Jeb Bush didn’t fix it. His attempted attacks on rivals have fallen flat. His $30 million in TV ads have failed to move his numbers. And now, with the Iowa caucuses less than two months away, he’s polling at a miserable 3 percent nationally.

But there’s one significant success that is keeping his campaign alive: Jeb Bush has convinced major GOP donors and supporters that the polls are wrong.

“I am like the Israelites following Moses, and I am not the only one,” said Mike Fernandez, the top donor to Bush’s super PAC, after a new CNN poll showed Bush an astounding 33 points behind the poll leader. “Unfortunately, it might not be that many of us.”

The previous two Republican cycles conformed roughly to a The Party Decides model. In 2008, there wasn’t a clear establishment frontrunner, but either McCain or Romney was acceptable to party elites, and the money men successfully spent the insurgentish Huckabee into oblivion after his win in Iowa. In 2012, following the early implosion of Pawlenty and Perry, there could. be. only. one, and the insurgentish alternatives were notably terrible candidates (I mean, the runner-up is currently statistically tied with George Pataki in a field not exactly crawling with political giants.) So an even clearer TPD scenario in a way, although the extent to which Romney struggled to win the nomination while running essentially unopposed should have been a sign of some vulnerability for the thesis. What we’re seeing this year is what happens when (as in 2008) there’s no clear establishment choice and the insurgent candidates have qualities the establishment ones lack. The TPD thesis could still hold — but it very well might not. It’s certainly not an iron law.

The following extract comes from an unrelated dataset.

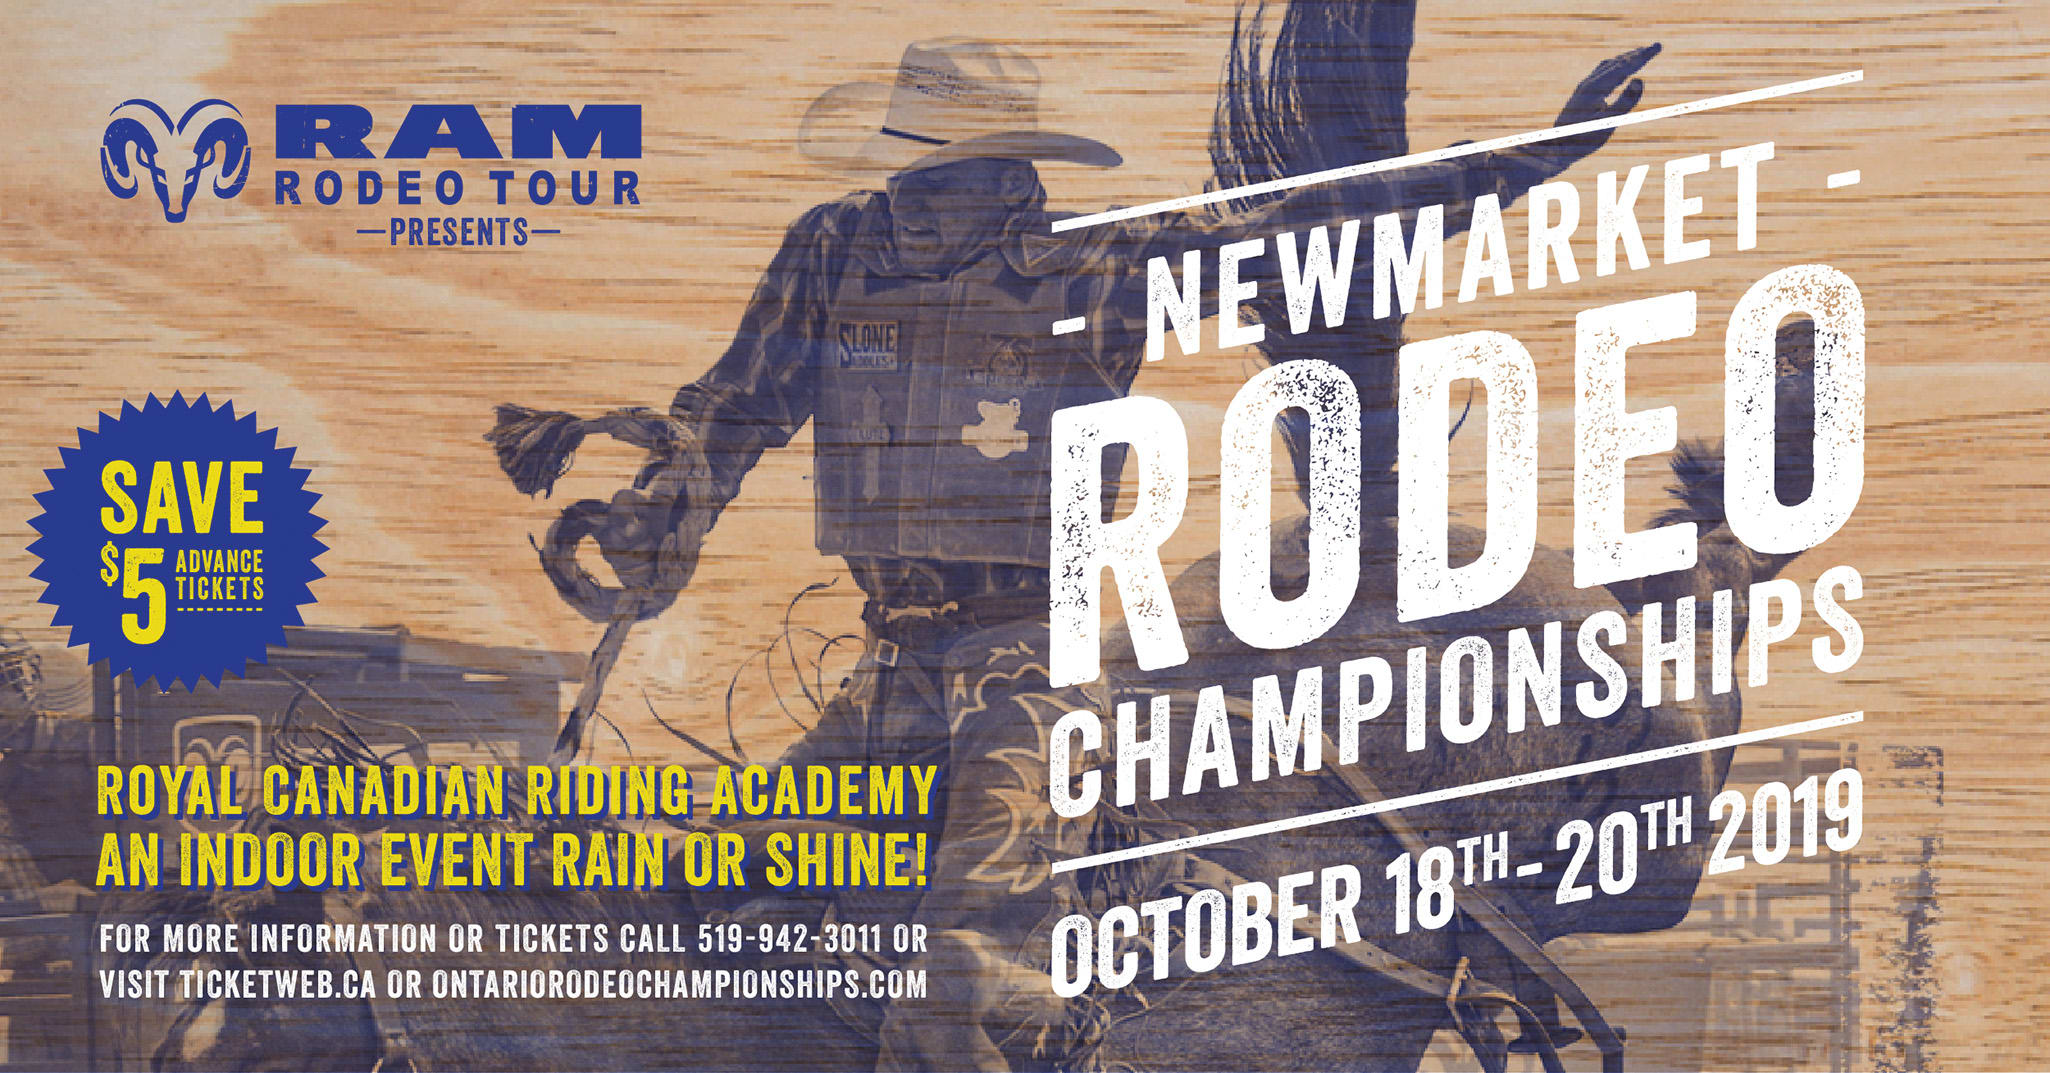 ram rodeo tour championships newmarket

The almost touching faith of Jeb!’s backers also reminds me that the Romney campiagn didn’t cynically exploit the UNSKEW THE POLLS! crowd to try to create enthusiasm among supporters; it genuinely believed that the polls were SKEWED and were shocked when Romney got soundly defeated. Getting high on your own supply is central to what it means to be a Republican these days, and in this context it’s harder to see sensible elites guiding the party to its senses in the primary.